There may be a reason I am up here on the side of this little mountain by the lake in the middle of the night commenting while the cat sleeps nearby.
Thank you for posting this.
Just because I've a non-nostalgic memory of hippie-dom, New England division, doesn't mean that I did, or do, play with bayonets. How you got from one to the other says more about your state of mind than my memory.
For extra credit: compare and contrast the 1970 Hippie with the 2010 slacker/stoner.
That spirit has not died, it has however changed greatly. The ideals of peace, togetherness and raising consciousness has not changed though.
Case and point: the immortality of The Legend John Lennon.
I stopped smoking joints, more than less, after the 60's because like lots of others, it made me paranoid. Smoking is not a big part of my hippie-ness, openness of spirt is.
I have frequently been confused by those who call our generation--selfish, and worse. We were extremely idealistic and most of us who made it thus far still are. But I HIGHLY recommend either the book or the article in NYBR by Tony Judt called, "Ill Fares the Land." He is dying of ALS as I write but in his first chapter he showed me for the first time, what we in the 60's did wrong. However he is writing for his kids and other youngsters about what was natural as breathing for us, what they don't understand. So he celebrates us an gives the best critque of what we did wrong. I am sure the article is online at New York Review of Books, and truly I finally saw the flaw, which is not the one we are usually accused of.
Growing up in the nice but conservation 50's, we who came of age in the 60's really did --in alll kinds of ways, many radically different depending on place ie: New York v. Haight Ashbury, vs. Weatherman, vs Black Pathers etc etc--we hippies were not uniform--we mostly did have excellent values and a lot of love and passion for social causes.
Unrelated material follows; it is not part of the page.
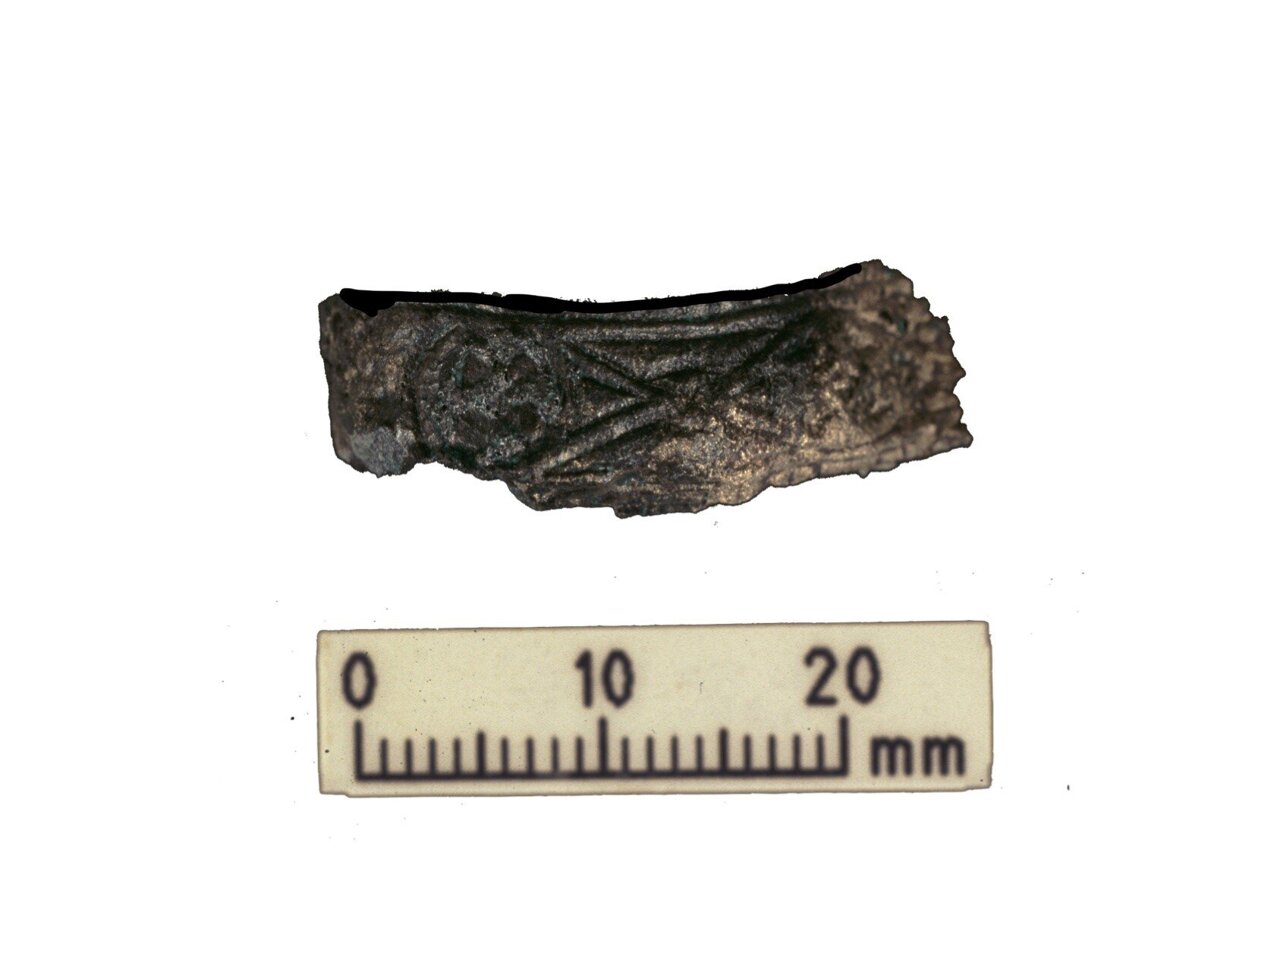 محافظ دسته تزئین شده از شمشیر جنگجوی وایکینگ. این شمشیر در همان قبری پیدا شد که بقایای انسان و حیوان در آخرین تحقیقات مورد تجزیه و تحلیل قرار گرفت.

If you were the type who hated the 50's even if you, which is me, now value that time of stability, and if the 60's led to an inner freedom and an outer freedome, I for one believe that I was formed by that time, forever. Really so. Rated Emma and for all here who won't read this, Deborah Young had another excellent piece on post-parental hippie-ness, which Lisa might remember. Rated and Pm'ing you Emma.
Musing on wonderful then, with a tear.